The Alzheimer’s Association offers these suggestions at the Caregiver Center on its website:

“A holiday is still a holiday whether it is celebrated at home or at a care facility. Here are some ways to celebrate together:

•    Consider joining your loved one in any facility-planned holiday activities
•    Bring a favorite holiday food to share
•    Sing holiday songs and ask if other residents can join in
•    Read a favorite holiday story or poem out loud

Other helpful information can be found at this link.

You may be able to bring a loved one home from a facility for Christmas; if so, and if possible, plan to visit a few times in the weeks before the holiday.  Changes in routine, place and people can be very upsetting.  Try to make the transition as smooth as possible.  Tell him/her several times what to expect and who will be in attendance over the holiday.  If your loved one asks the same question over and over again, remind him/her calmly that you’ve talked about it before, answer the question and move on.

CGMW: How important is it to maintain your loved one’s routine during the holidays and do you have any suggestions for doing that amid the chaos that the holidays often bring?
Boyko: From the Aging Care website:

•    Christmas decorations and festivities often create changes in the environment and daily routine, which may cause someone with a cognitive or memory disorder to become agitated or confused.
•    Maintain a normal routine as much as possible: eating at the same time, the usual setting, keeping regular wake-up and bed-times.
•    Excessive, noise, commotion, loud crowds and rowdy children can cause confusion and agitation in your loved one.

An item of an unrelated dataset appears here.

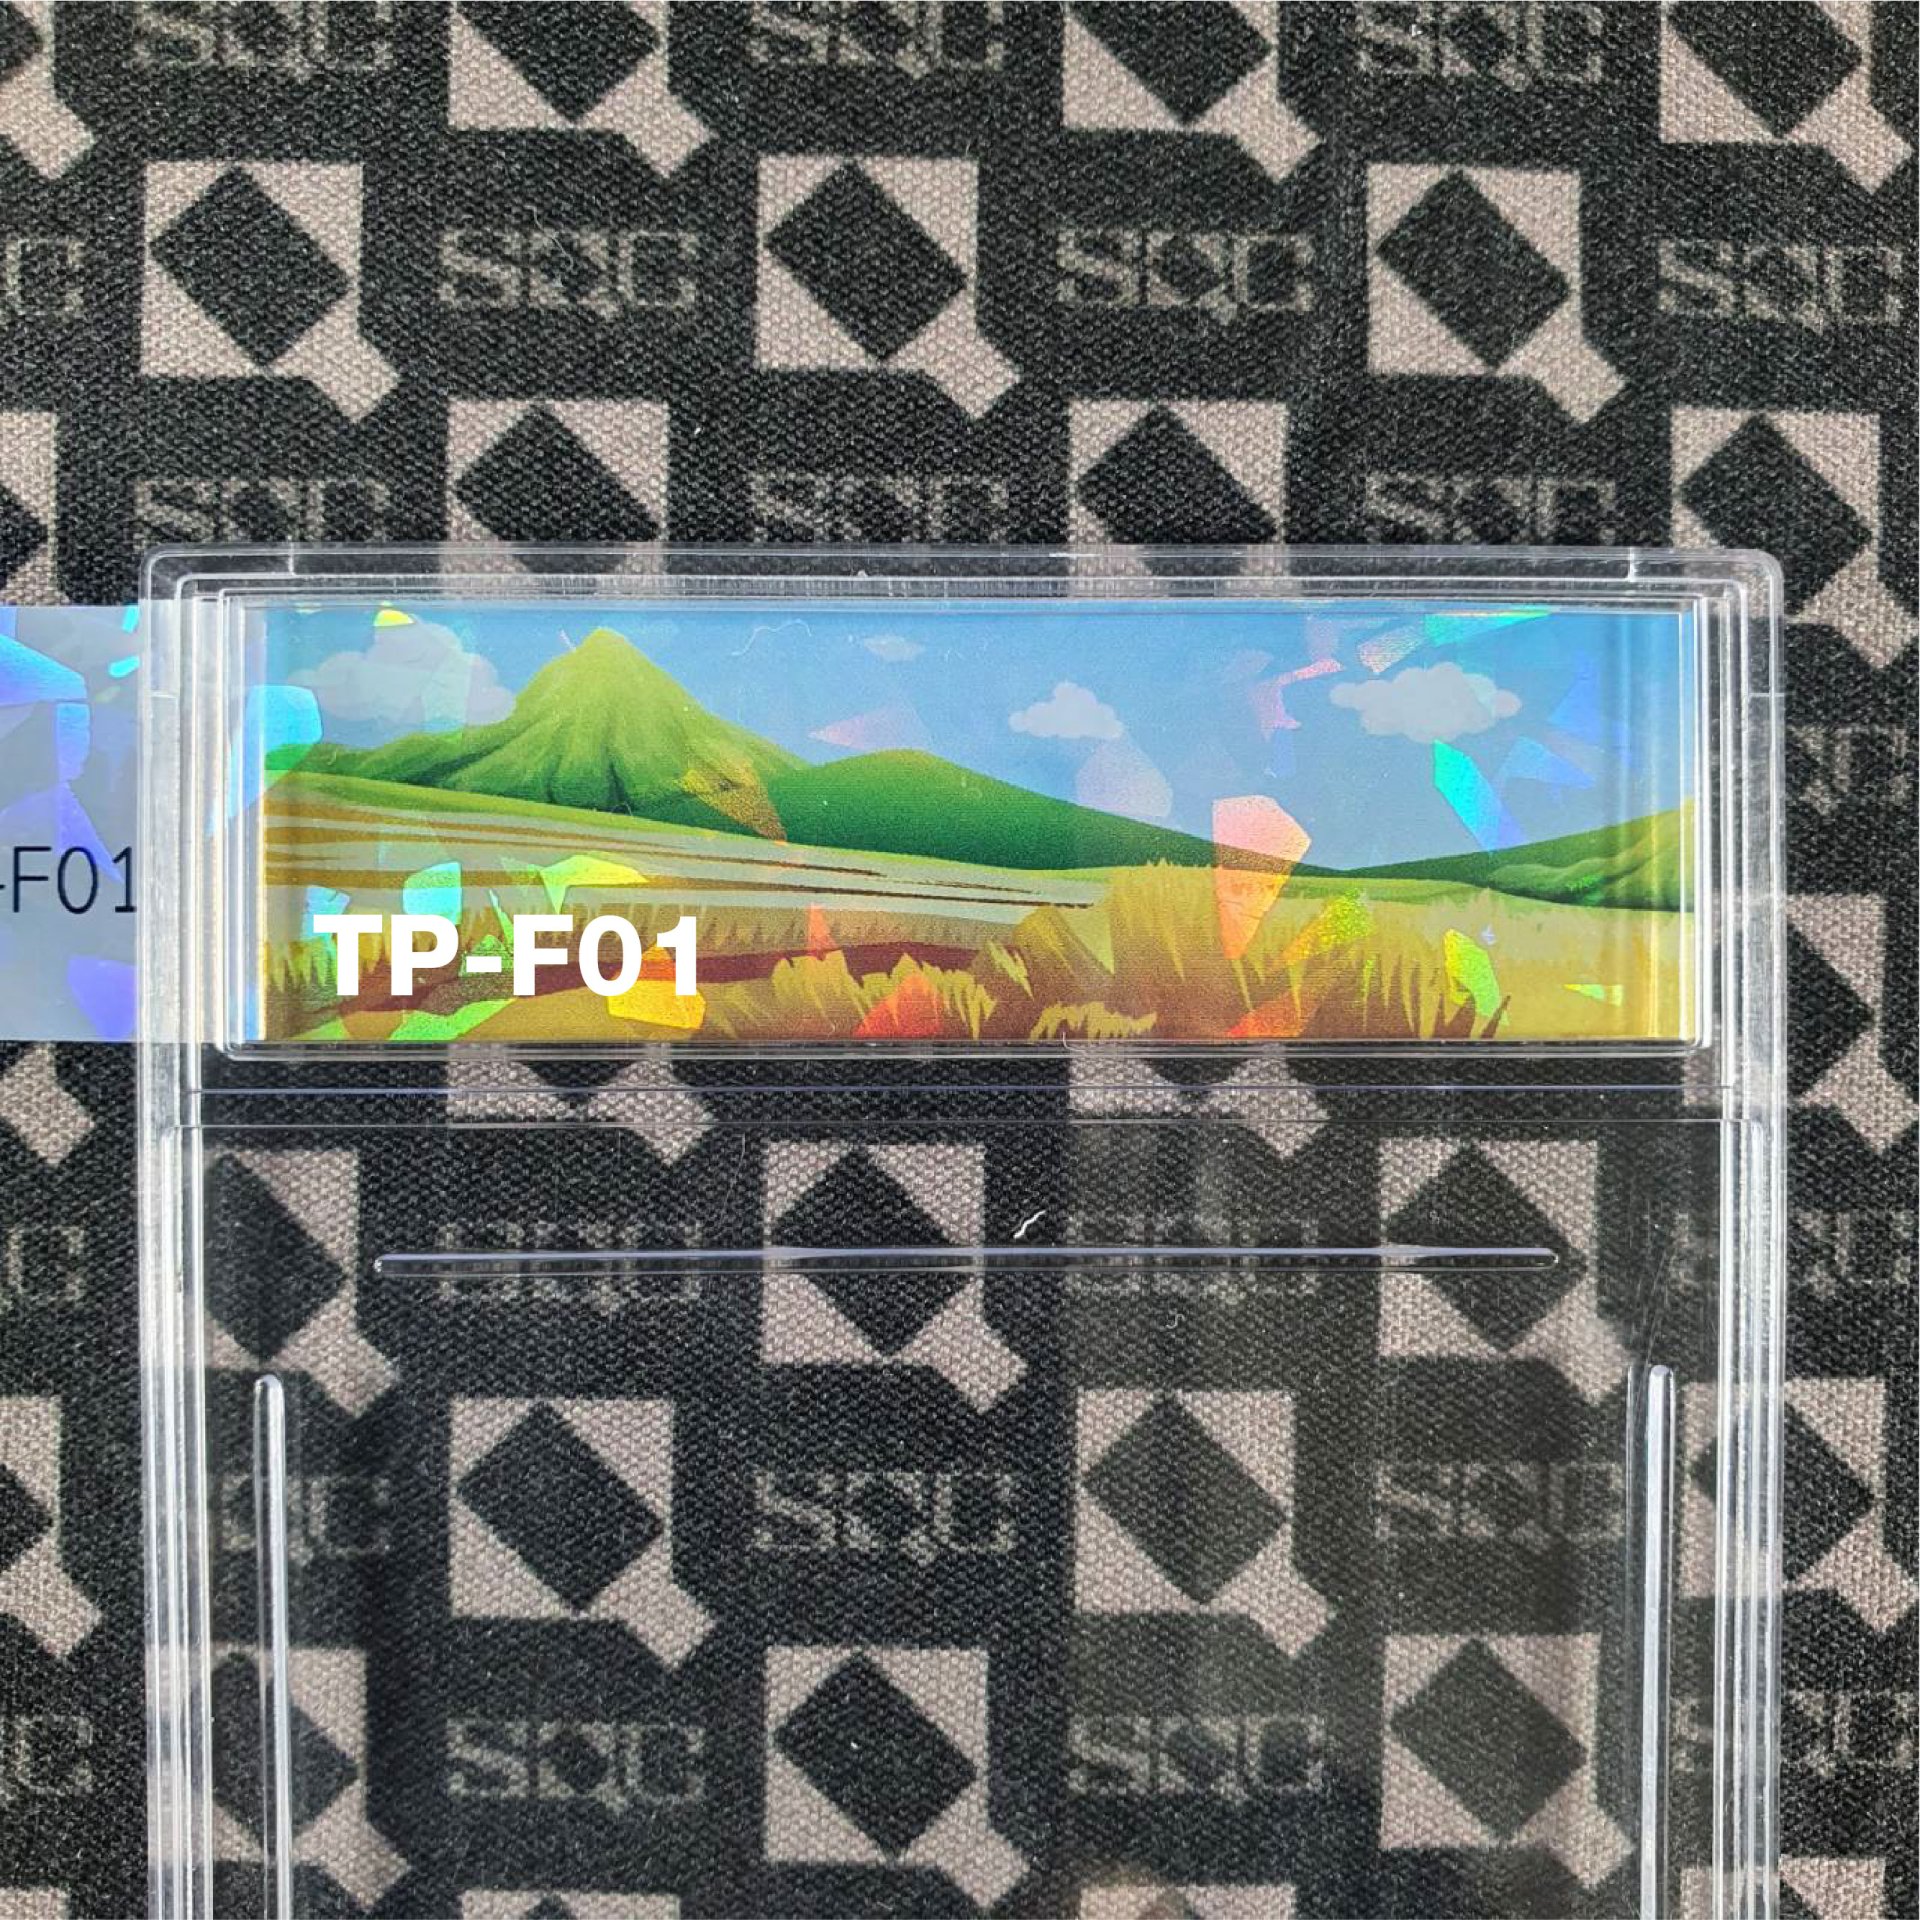 TP-F01

CGMW: Do you have any other thoughts or advice for people caring for a loved one with dementia this holiday season?
 The Aging Care website has these final words:

“Despite your best efforts, you still may feel more guilt and frustration during the holiday season. These feelings are normal and other caregivers experience the same. When this happens, take a moment and remember: Only so much is within your control. Don’t feel guilty if the holiday is not perfect and has a few bumps in the road. You can make the holiday season a good experience for everyone involved by adjusting what you typically expect from the holiday season. Prepare others, and handle situations as they arise with a good attitude and acceptance.”